[Raw data]

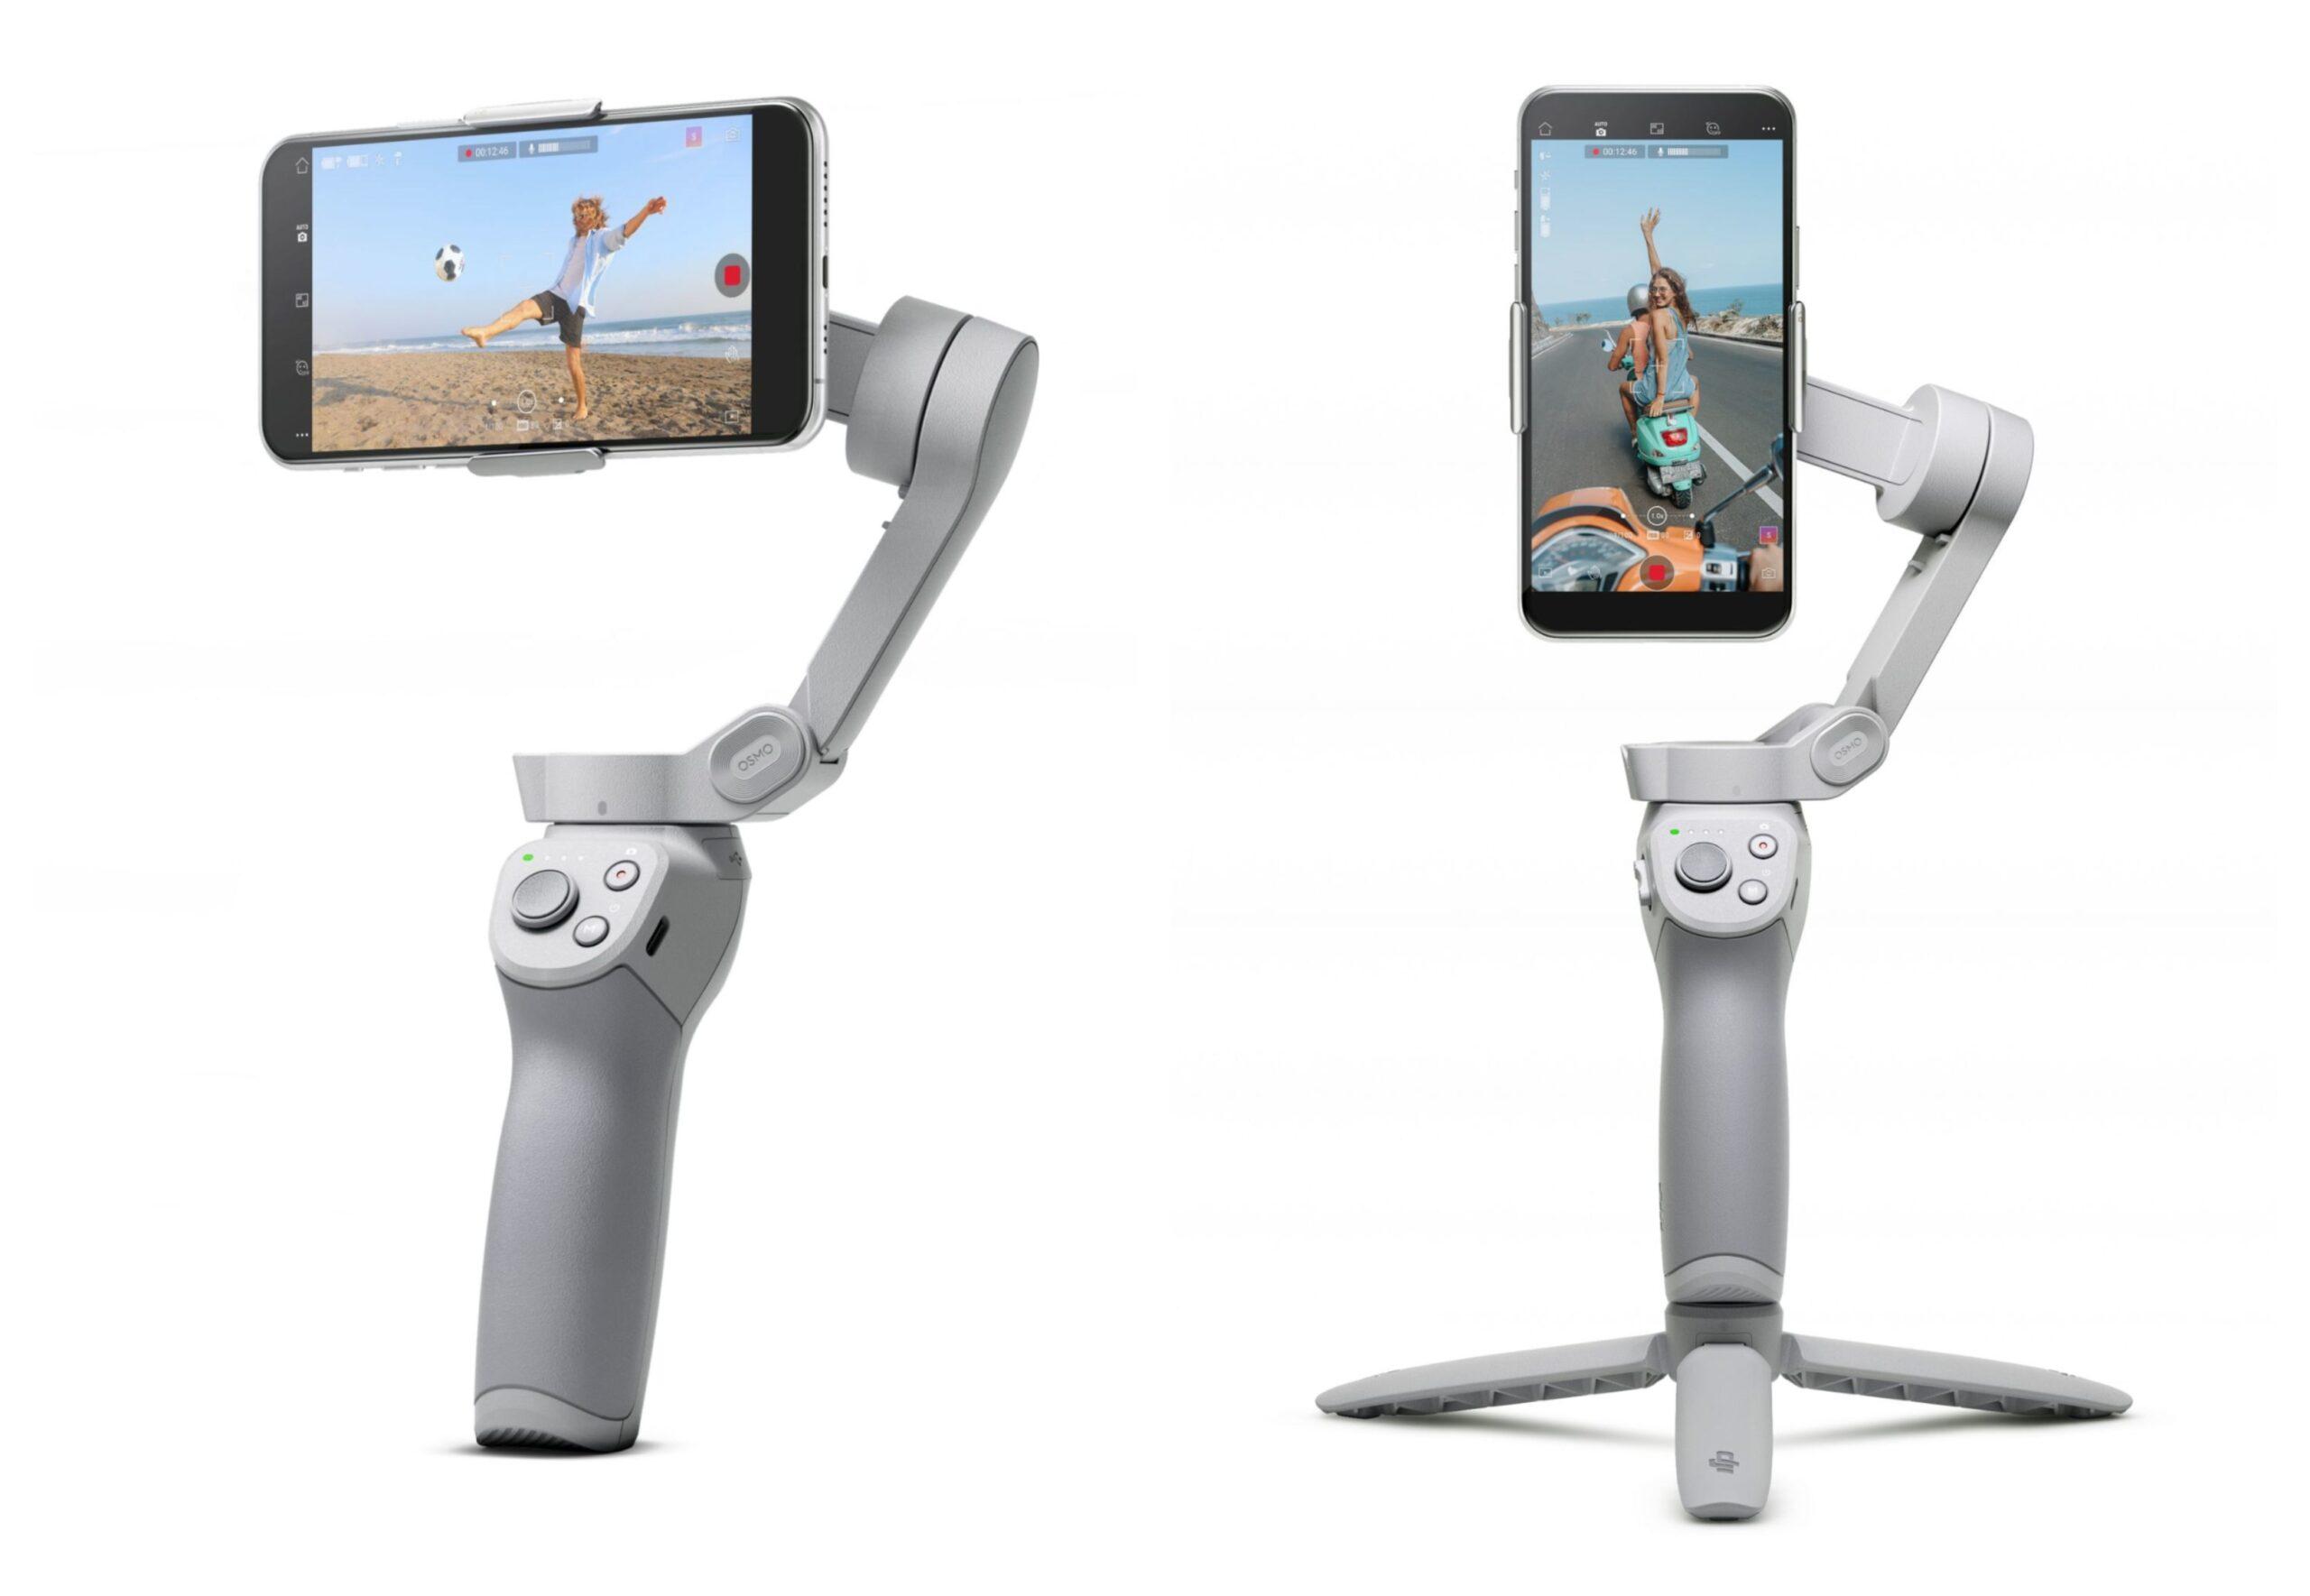 DJI-Osmo-Mobile-4-image
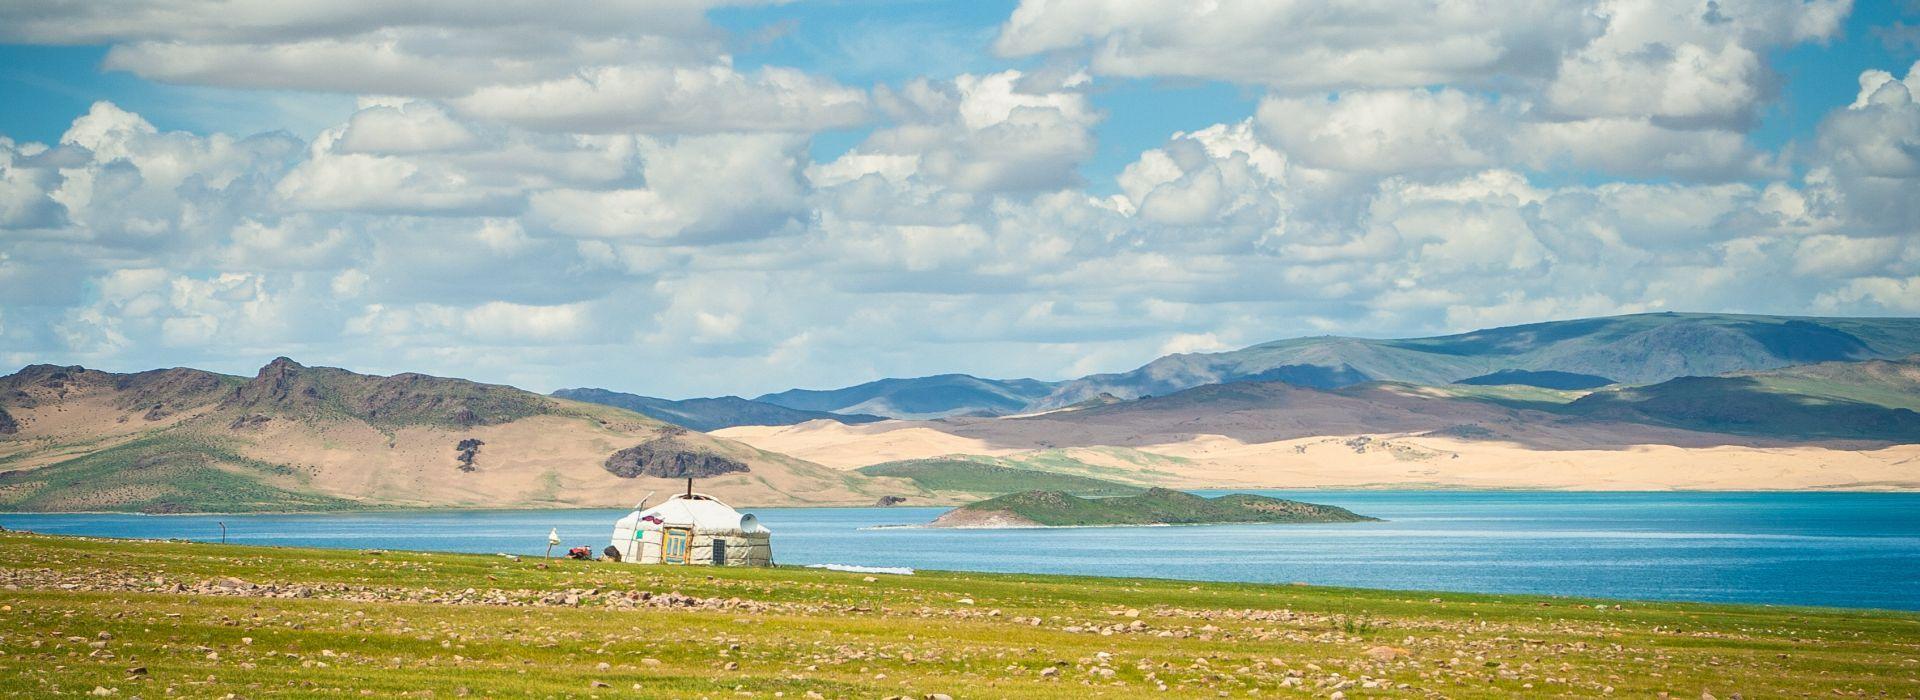 Mongolia Tours and Trips to Mongolia
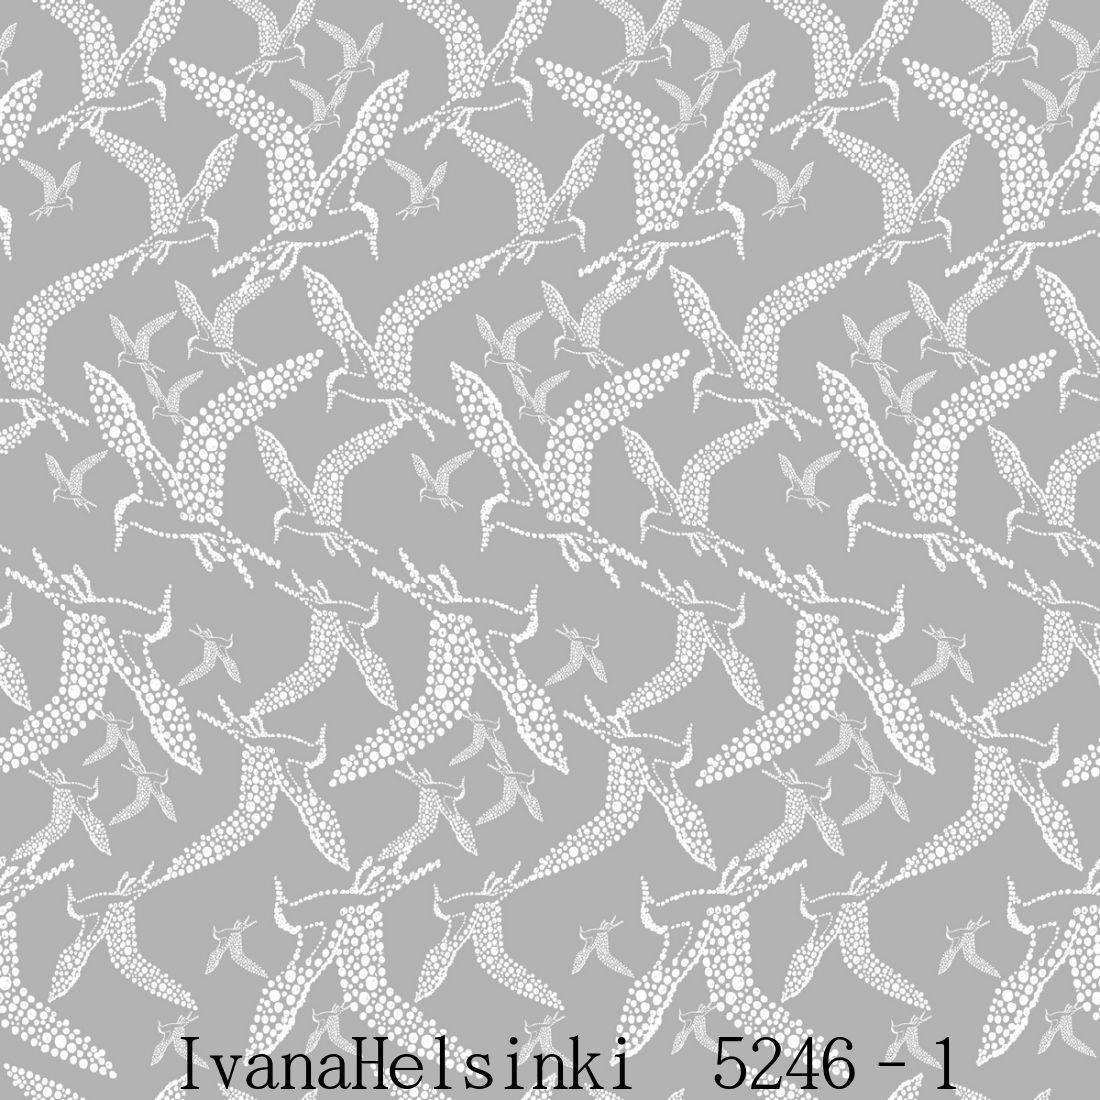 IvanaHelsinki イヴァナヘルシンキフィンランド製 壁紙5246-1【 53cm幅×10m巻 】裏面:フリース素材鳥 北欧 自然 グレー輸入壁紙IvanaHelsinki Wallpaper★P10倍★

[/Raw data]

Problem details:
Give back the material above exactly as written, but omit the images.

Response box:
 DJI-Osmo-Mobile-4-image
 Mongolia Tours and Trips to Mongolia
 IvanaHelsinki イヴァナヘルシンキフィンランド製 壁紙5246-1【 53cm幅×10m巻 】裏面:フリース素材鳥 北欧 自然 グレー輸入壁紙IvanaHelsinki Wallpaper★P10倍★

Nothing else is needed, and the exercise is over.